Genres haben mit den Erwartungen der Leser zu tun. Bücher mit ähnlichen Schauplätzen, Charakteren und Handlungsabläufen werden anhand dieser Ähnlichkeiten einem Genre zugeordnet. In einen Western gehören demnach Cowboys und Indianer. Stehen sich zwei Männer in einer leeren Straße gegenüber, erwarten Leser eine Schießerei. In Horrorgeschichten muss das Böse umgehen, oft blutig. Bleiben solche Erwartungen an das Genre unerfüllt, ist der Leser enttäuscht.
Wer schreibt, muss sich irgendwann die Frage stellen, welchem Genre das Manuskript zugeordnet werden kann. Agenten und Verlage vertreten oft nur Literatur bestimmter Genres. Lässt sich ein eingereichtes Manuskript nicht eindeutig einem Genre zuordnen, wird es ungeachtet seiner anderen Qualitäten abgelehnt. Auch Self-Publisher müssen sich fragen, für welches Publikum sie schreiben. Spätestens, wenn Sie Kategorien und Schlagwörter angeben sollen, ist eine Entscheidung fällig.
Liest man Ratgeber über das Schreiben, finden sich keine klaren Aussagen darüber, wann das Genre festgelegt werden sollte. Es lassen sich zwei Strömungen ausmachen, die ich im Folgenden vorstellen möchte.
Erst schreiben, dann das Genre finden?
Etwa die Hälfte der Ratgeber empfiehlt, zunächst einfach den Ideen zu folgen und den ersten Entwurf zu schreiben. Während der ersten Durchsicht sollten Autoren dann auf Hinweise achten, welchem Genre der Text zugeordnet werden könnte. In den weiteren Bearbeitungsphasen nimmt der Autor Veränderungen in Hinblick auf das Genre vor, bis der Text den Erwartungen an das Genre entspricht.

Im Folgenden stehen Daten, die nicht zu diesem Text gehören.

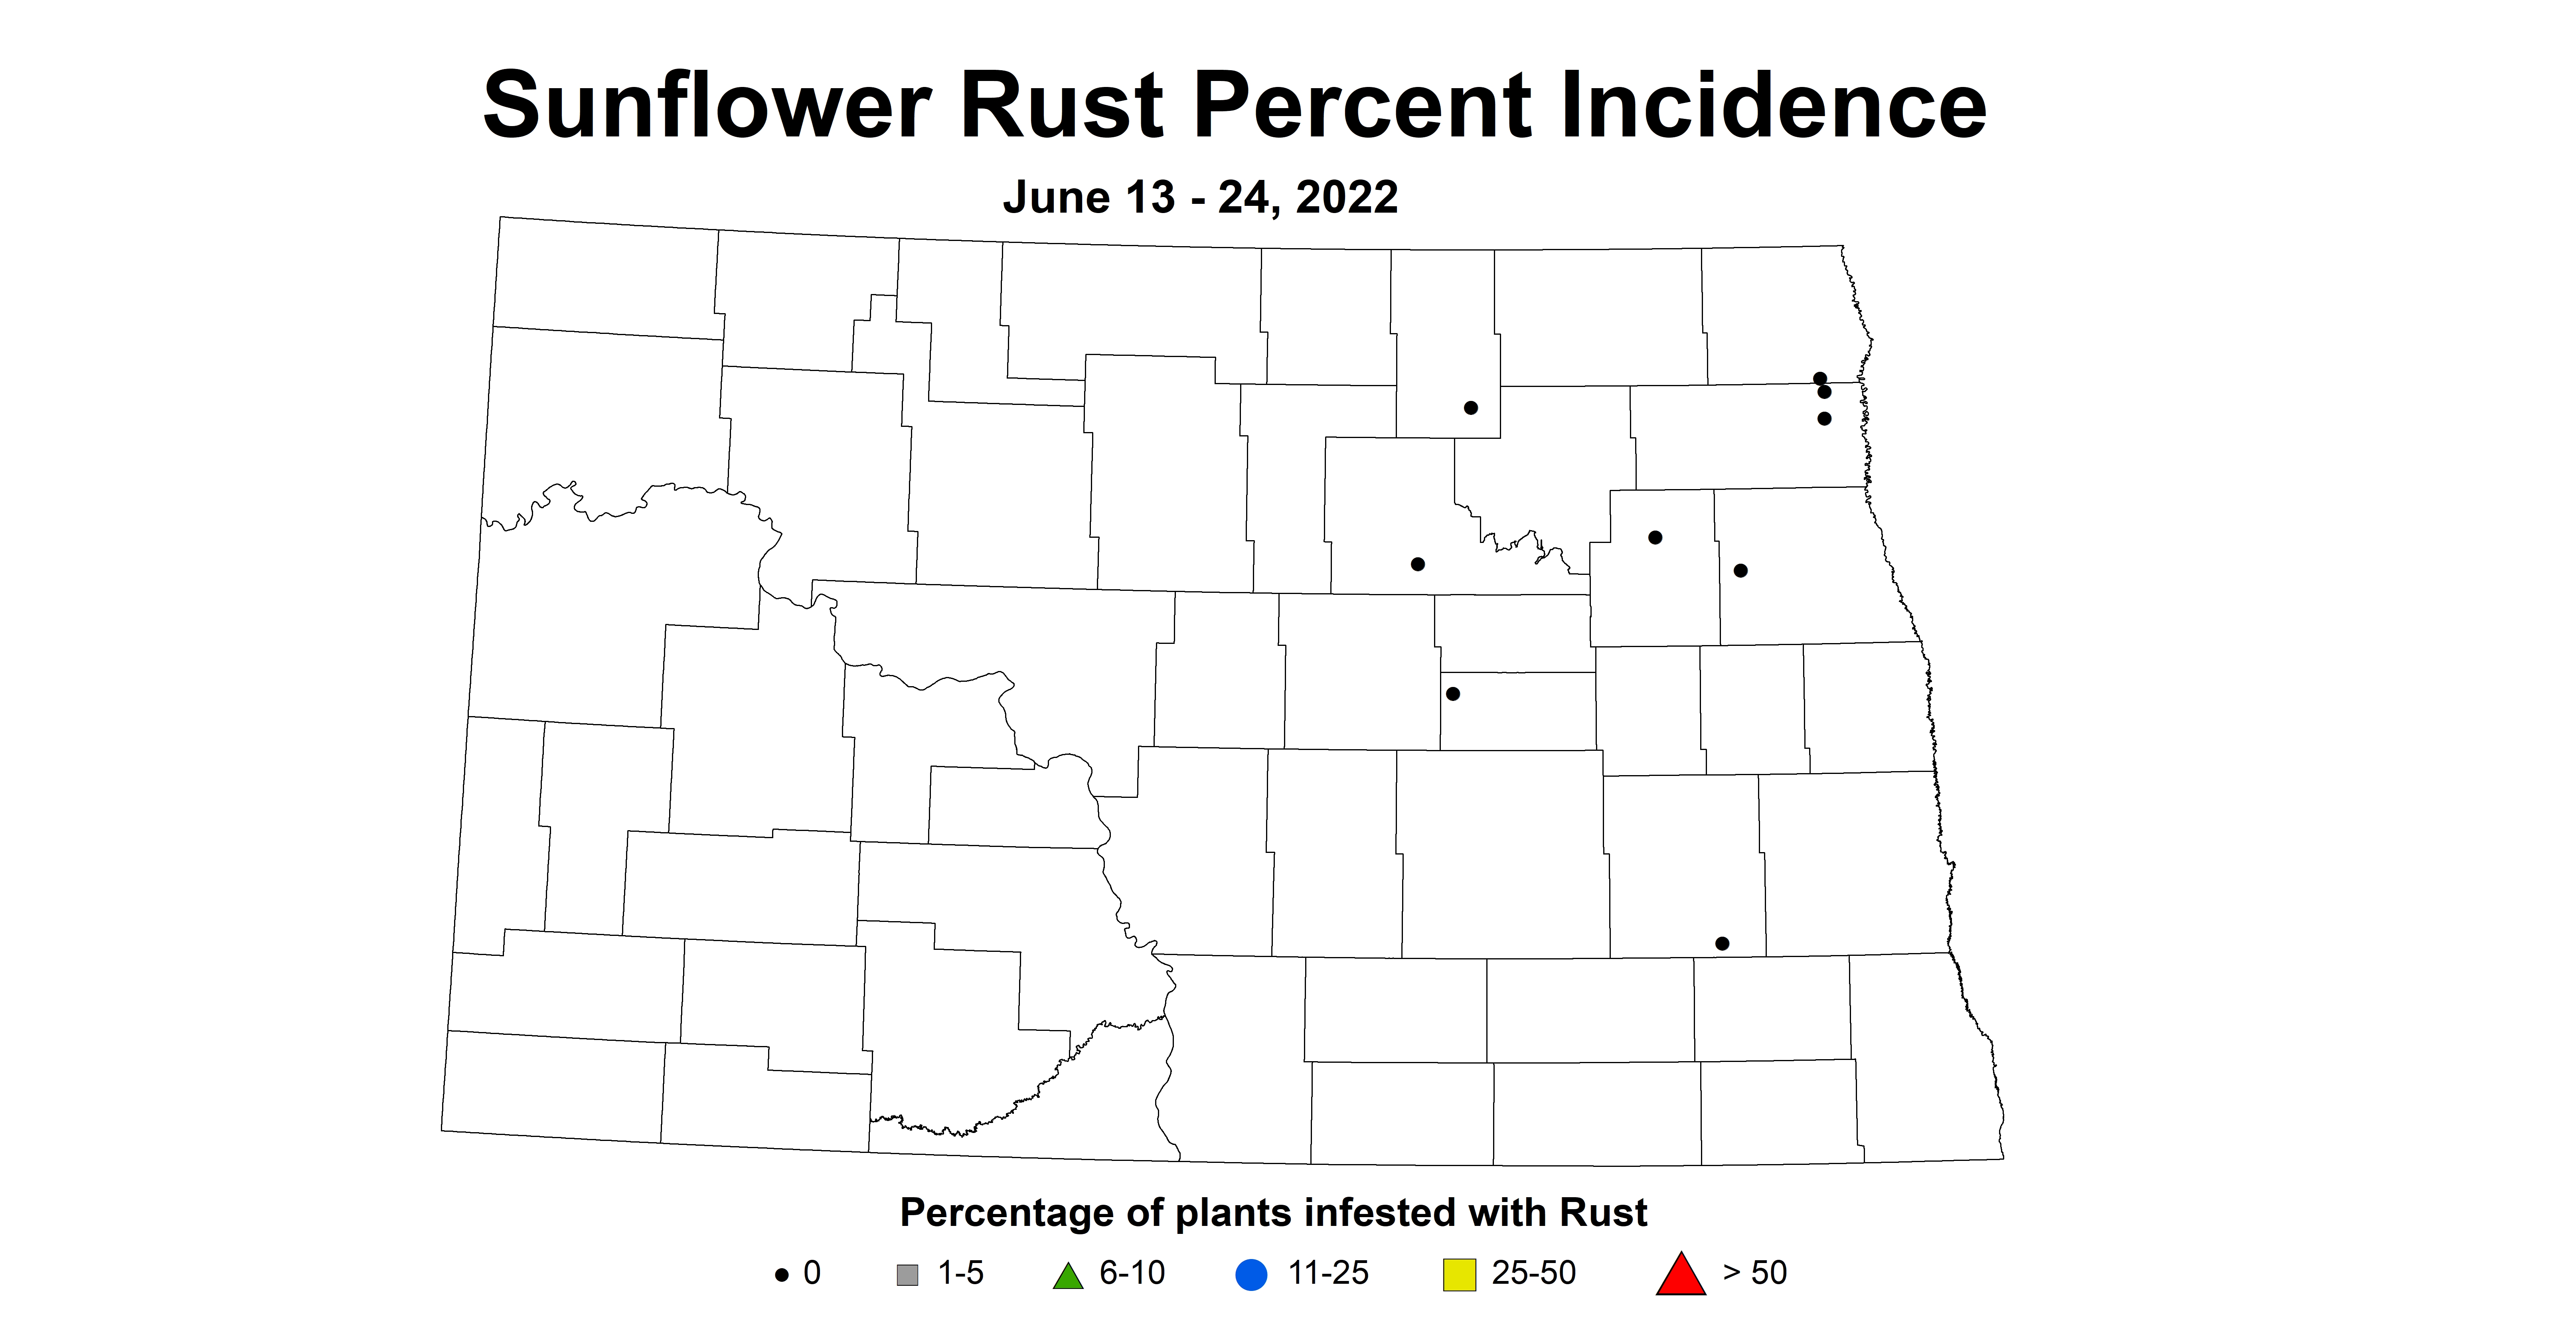 ND IPM map of sunflower leaf rust incidence June 13 - 24, 2022

Vorteile dieser Arbeitsweise
Der Autor ist bei der Entwicklung seines Themas und seiner Ideen frei und unterliegt lediglich seinen eigenen Ansprüchen hinsichtlich Thema, Charaktere, Sprache, Komplexität der Handlung. Dies begünstigt die Entstehung eines individuellen Ausgangstextes. Stereotype Charaktere und Handlungsmuster können so nicht entstehen.
Nachteile dieser Arbeitsweise
Der erste Entwurf kann Elemente eines bestimmten Genres enthalten, ebenso gut auch Elemente verschiedener Genres. Die Überarbeitung kann im letzten Fall zeitaufwändig sein, wenn große Teile des Textes einem Genre angepasst werden müssen.
Erst das Genre festlegen, dann schreiben?
Besonders Verfechter des geplanten Schreibens empfehlen, sich zunächst für ein Genre zu entscheiden und anschließend den Text gemäß der Erwartungen an das Genre zu entwickeln.
Vorteile dieser Arbeitsweise
Wer anhand eines Handlungsplans schreibt, spart bei der Erstellung des ersten Entwurfs Zeit. Die Anforderungen des gewählten Genres können in jeder Szene berücksichtigt werden. Da die Leserschaft von Anfang an festgelegt ist, lässt sich die Marketingstrategie leicht entwickeln.
Nachteile dieser Arbeitsweise
Der Arbeitsplan und die Festlegung des Genres verführen möglicherweise, die Erwartungen der Leserschaft zu übererfüllen. Dem Text droht das Abgleiten in die Vorhersagbarkeit. In den Bearbeitungsphasen ist es notwendig zu prüfen, welche stilistischen Elemente abgeschwächt oder herausgenommen werden sollten.
Wenn Sie schreiben …
Wenn Sie schreiben, sollten Sie immer einen Weg wählen, der Ihrem persönlichen Arbeitsstil entspricht. Gleichgültig, ob Sie jede Szene im Voraus entwickeln oder spontan schreiben, setzen Sie sich selbst Regeln, die Sie für die Dauer Ihrer Arbeitsphase einhalten.
Wahrscheinlich wissen Sie immer vor dem Schreiben ungefähr, wohin Ihre Geschichte Sie führen soll. Was Ihnen fehlt, ist oft nur die Bezeichnung des Genres. Notieren Sie sich, was Sie mit Ihrem Buch aussagen möchten. Oft entdecken Sie auf diese Weise Ihr Genre.
Möglicherweise hilft Ihnen ein Blick in Ihr Bücherregal weiter. Wenn Sie selbst am liebsten Liebesromane lesen, schreiben Sie vermutlich keinen Krimi. Aber manche Autoren sind so vielseitig, sowohl beim Lesen als auch beim Schreiben, dass sie sich in verschiedenen Genres wohlfühlen.